Work to complete -> Retype, exactly and with both ends included, the lines below from the one containing "camisa santos 2018" through the end; omit the pictures.

Collected data ->
· · · · ·
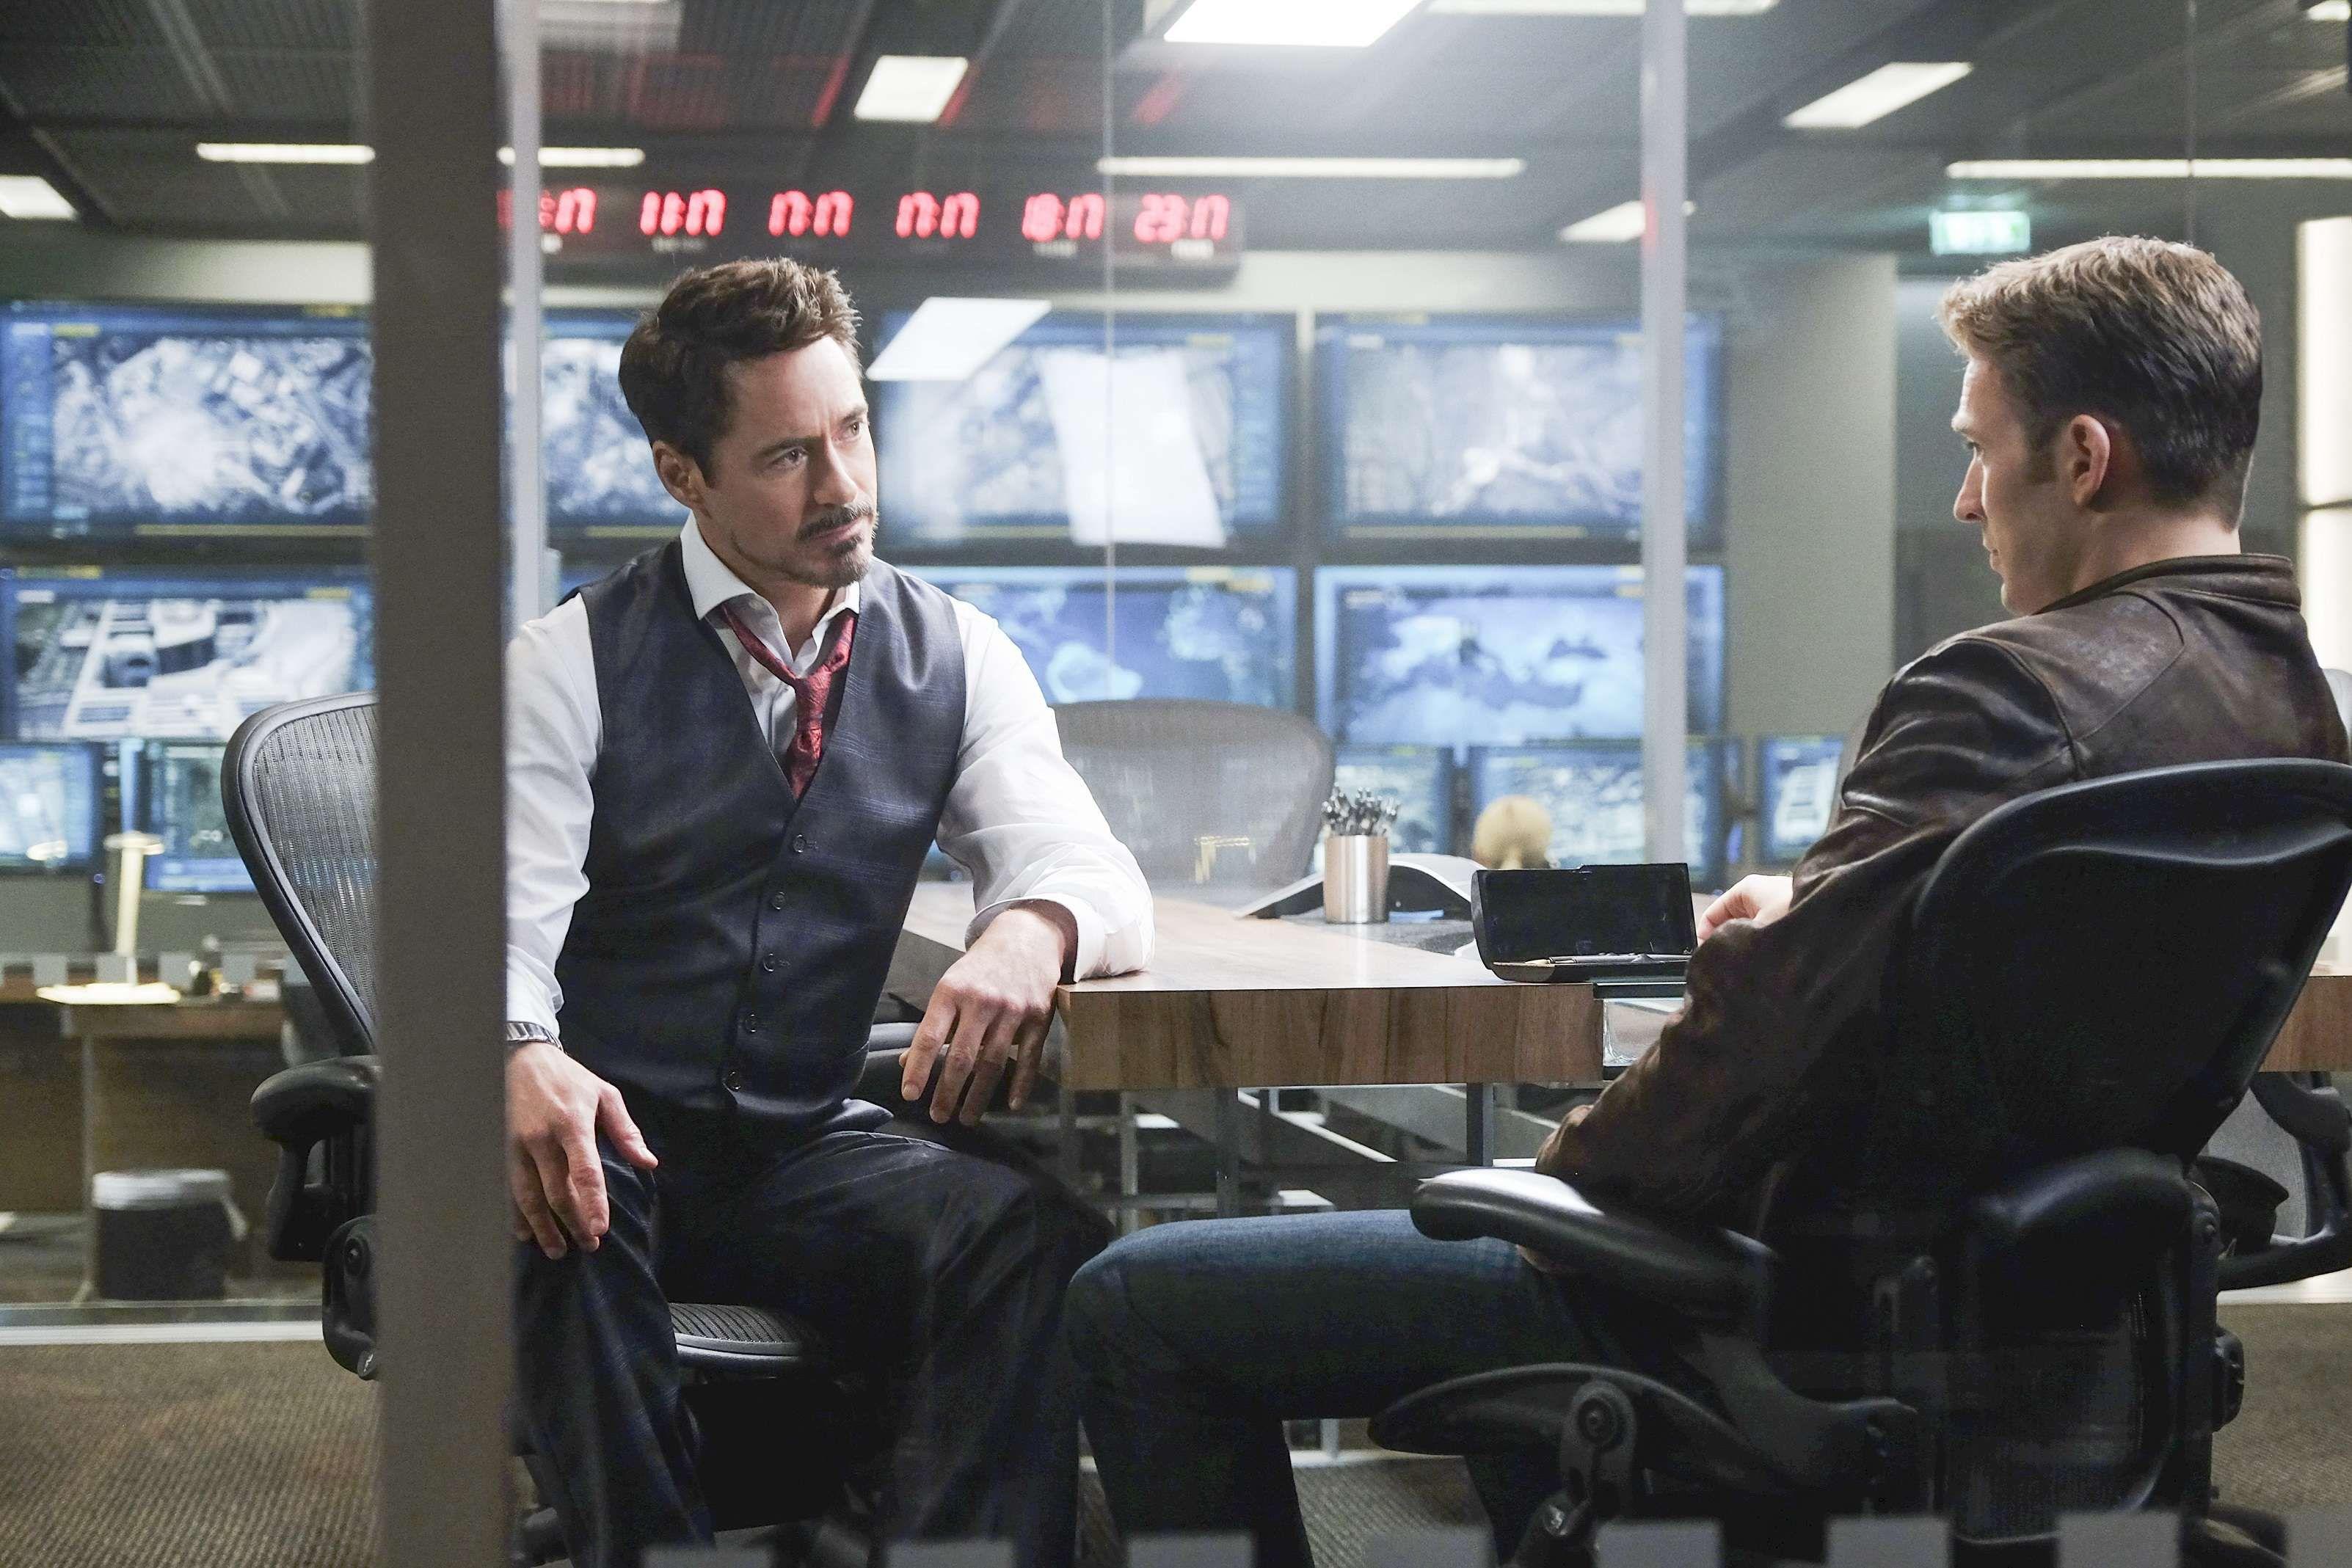 Robert Downey Jr. and Chris Evans as Tony Stark/Iron Man and Steve Rogers/Captain America in Captain America: Civil War (2016).
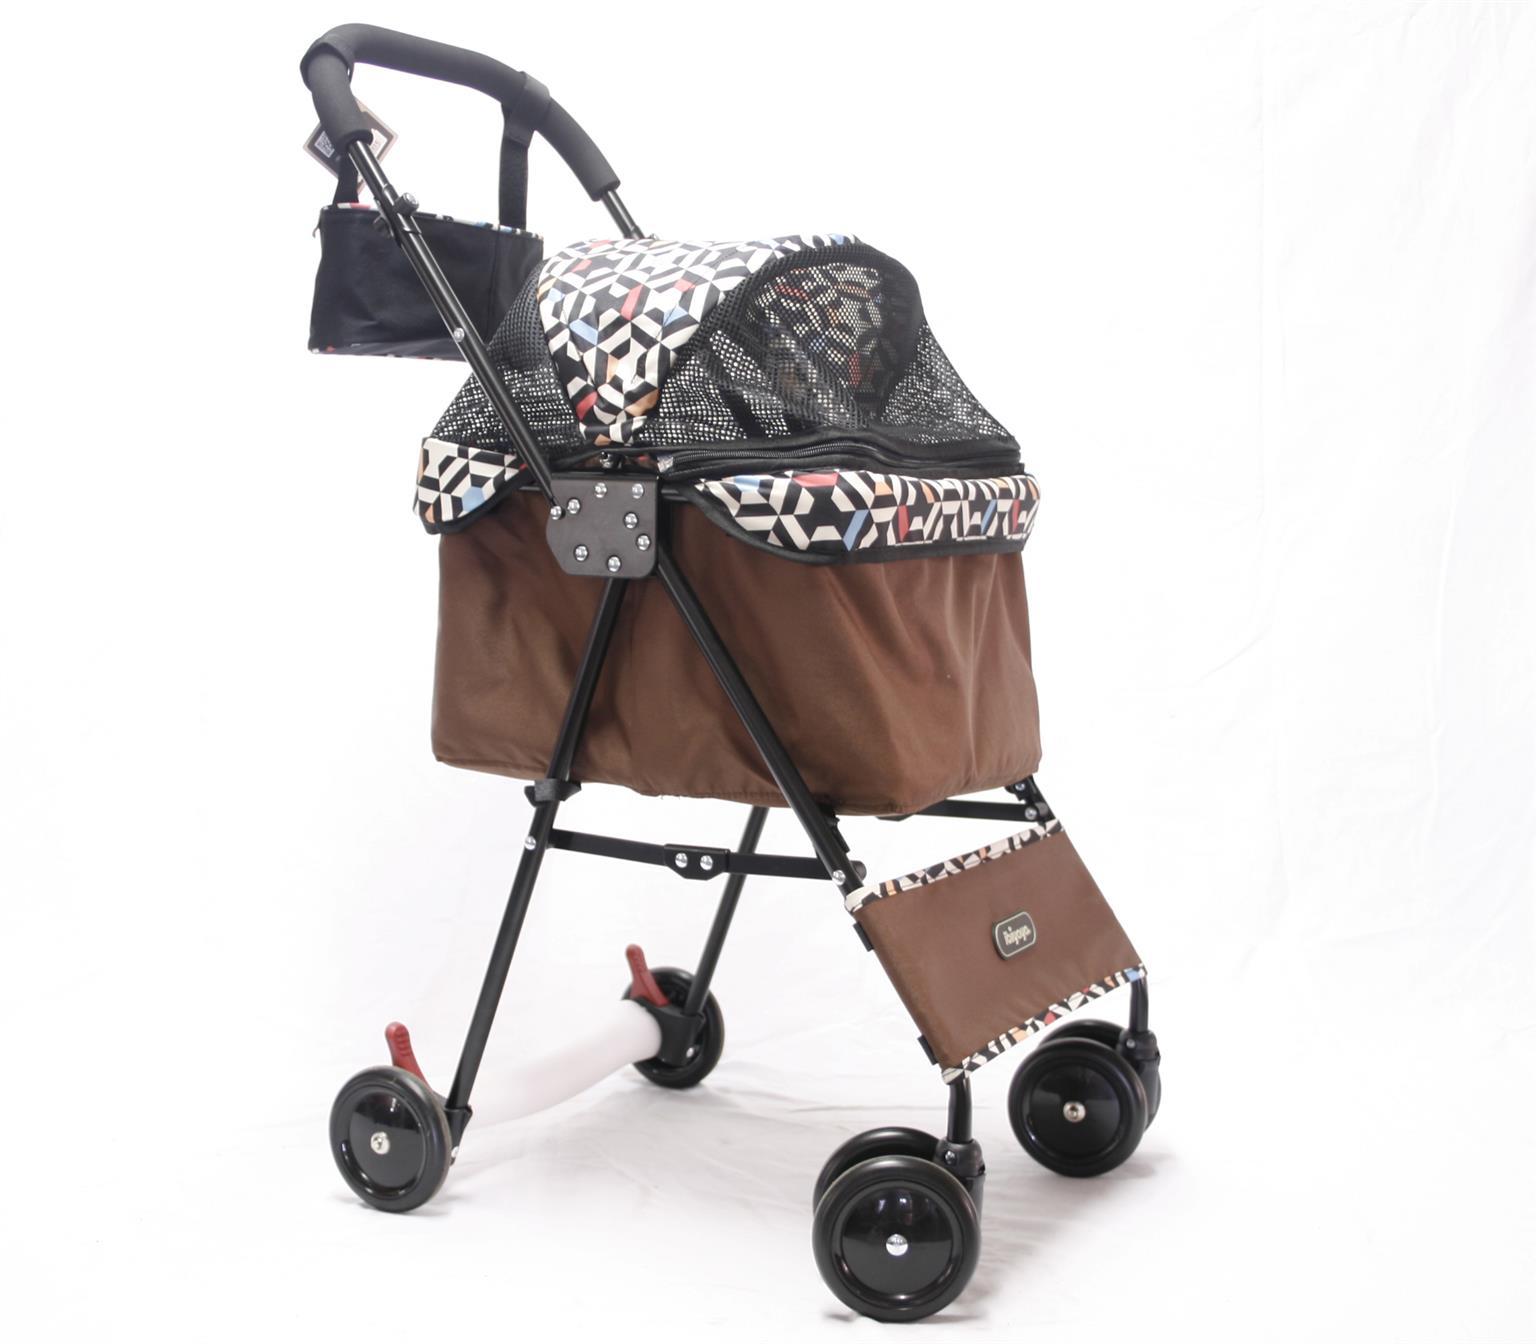 Dog Stroller Mini Buggy Honeycomb – 4 wheeler
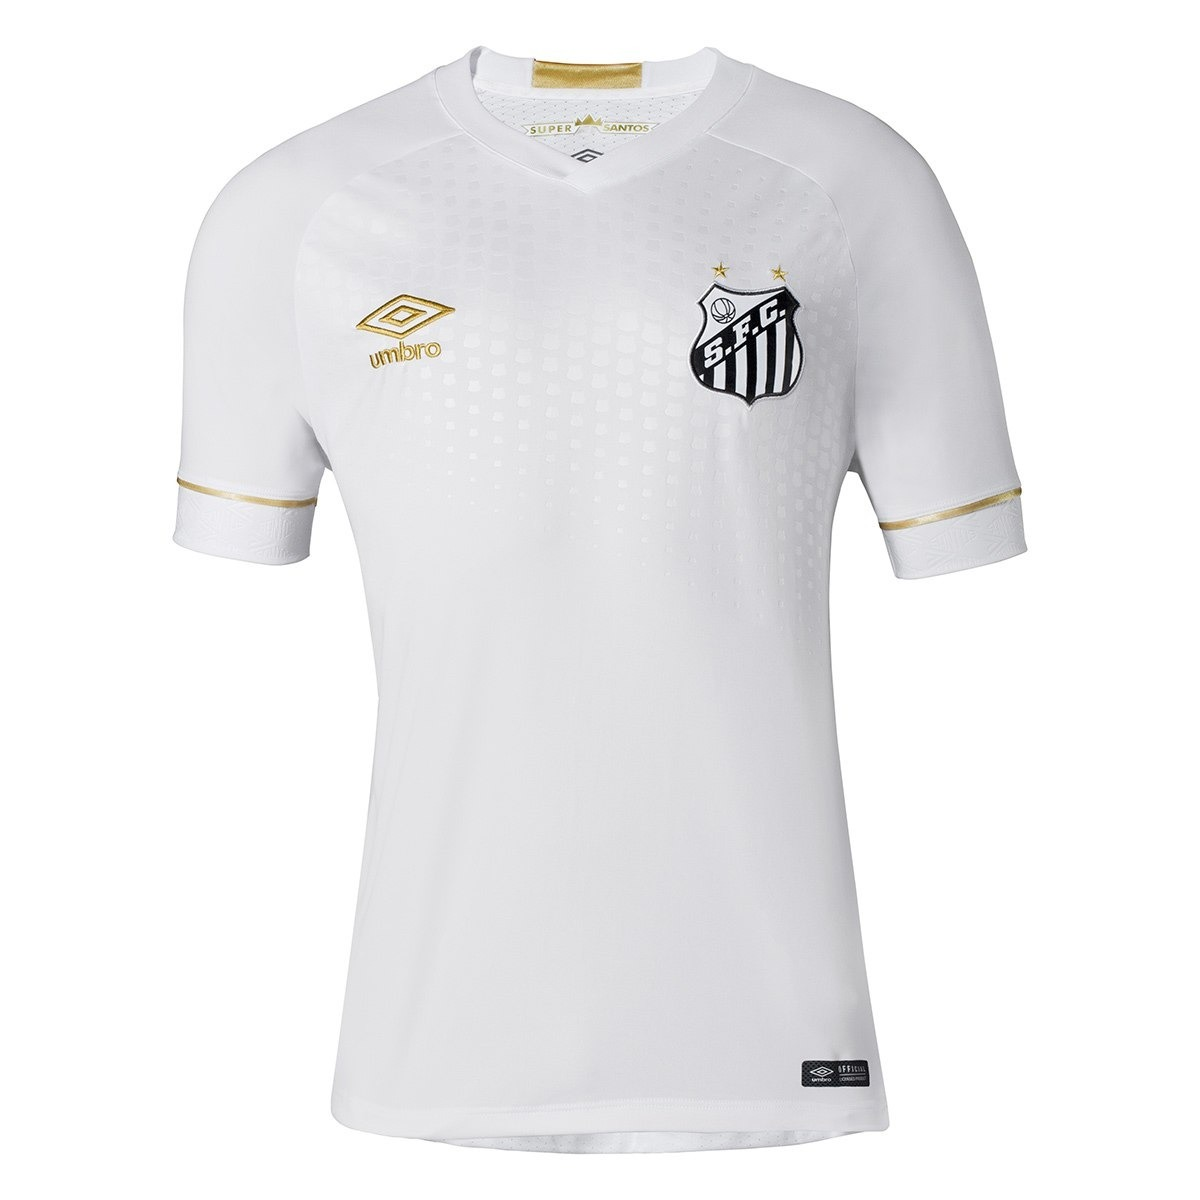 camisa santos 2018 - torcedor umbro masculina. Carregando zoom. 0685abb1ec7ac
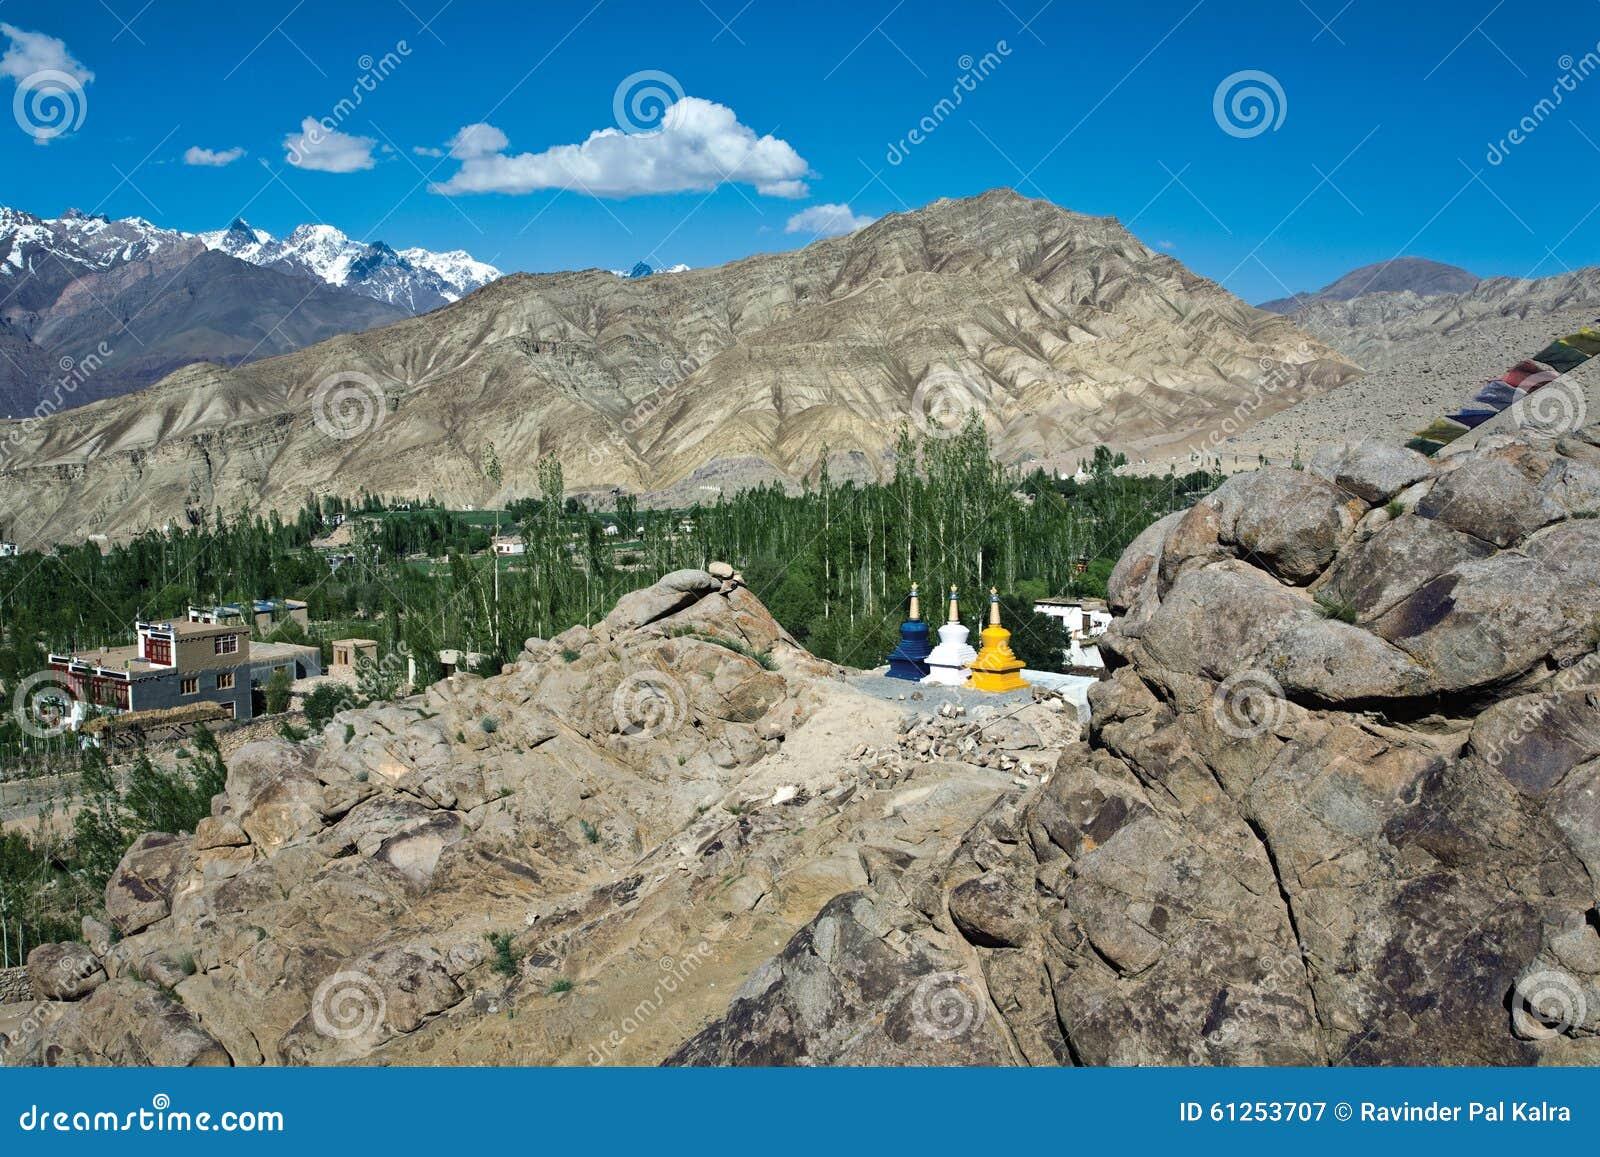 Un paisaje cerca del monasterio de Likir, Ladakh, Jammu y Cachemira, la India
· · · · ·
Response area ->
 camisa santos 2018 - torcedor umbro masculina. Carregando zoom. 0685abb1ec7ac
 Un paisaje cerca del monasterio de Likir, Ladakh, Jammu y Cachemira, la India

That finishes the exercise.